At Padonia Elementary, she was told to bring harmony to the school where families moved frequently and some students arrived speaking no English.

Her daughter said Mrs. Hall broke through students’ anxiety one day when a boy brought a live snake to class for show-and-tell.

“She held the snake and was not afraid of it,” her daughter said. “It did the trick.”

“My mother capitalized on the diversity of the community, and the American-born students’ lives were enriched through the association with the children from the many different cultures,” her daughter said.
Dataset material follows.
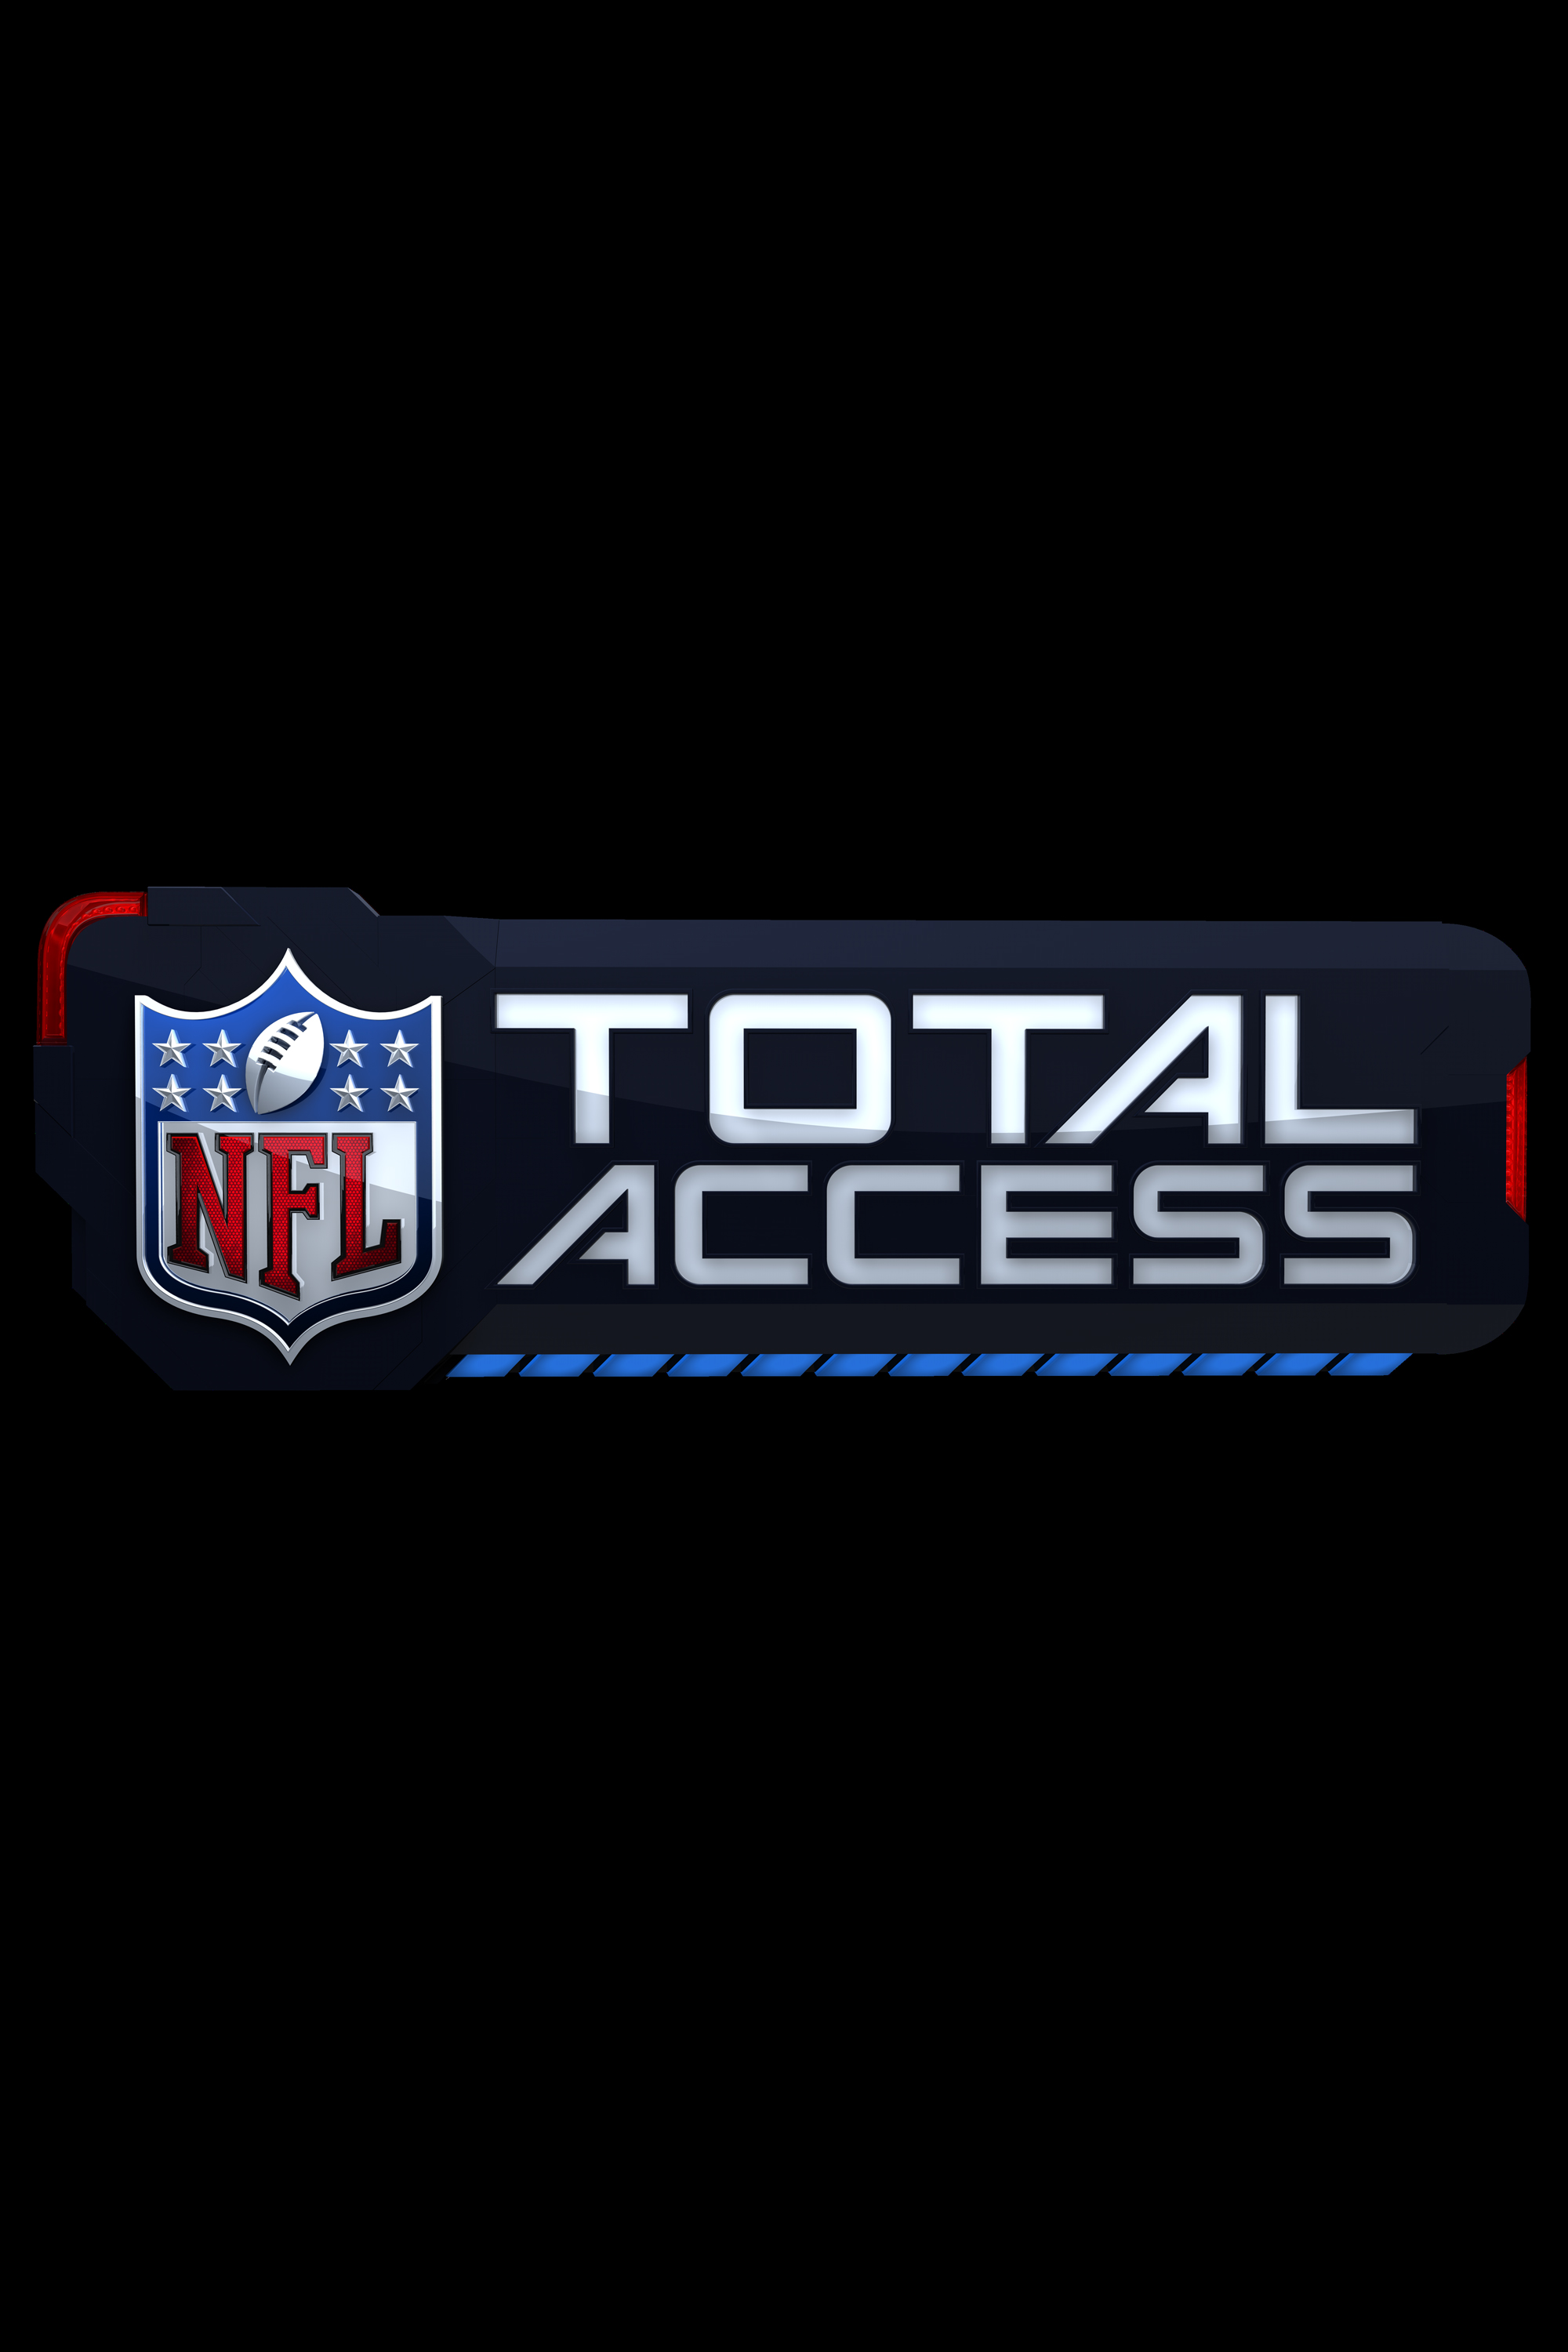 NFL Total Access - Where to Watch and Stream

Her marriage to John Arnold Coleman Sr. in 1946 ended in divorce. She then married Joseph Adrian Hall, a World War II veteran who served in the Persian Gulf.

She and her husband attended Persian Gulf command reunions and were invited to the White House for several 50th anniversary World War II ceremonies.

“My mother traveled the globe extensively to her dream destinations:  Nicaragua, Venezuela, Costa Rica, Peru, Chile, Rapa Nui, New Zealand, Australia, China, Jordan, Egypt, Kenya, South Africa, France and Britain,” her daughter said.

Survivors include her daughter, Paige Coleman Sober, of Encino, California; and three cousins, Burke Barrett, of Catonsville, Donn Barrett, of Kensington, and Bruce Barrett, of Bishopville.

Her husband, Joseph Adrian Hall died in 2000. Her son, John Arnold Coleman Jr., died in 2021.

Private services will be held at Arlington National Cemetery.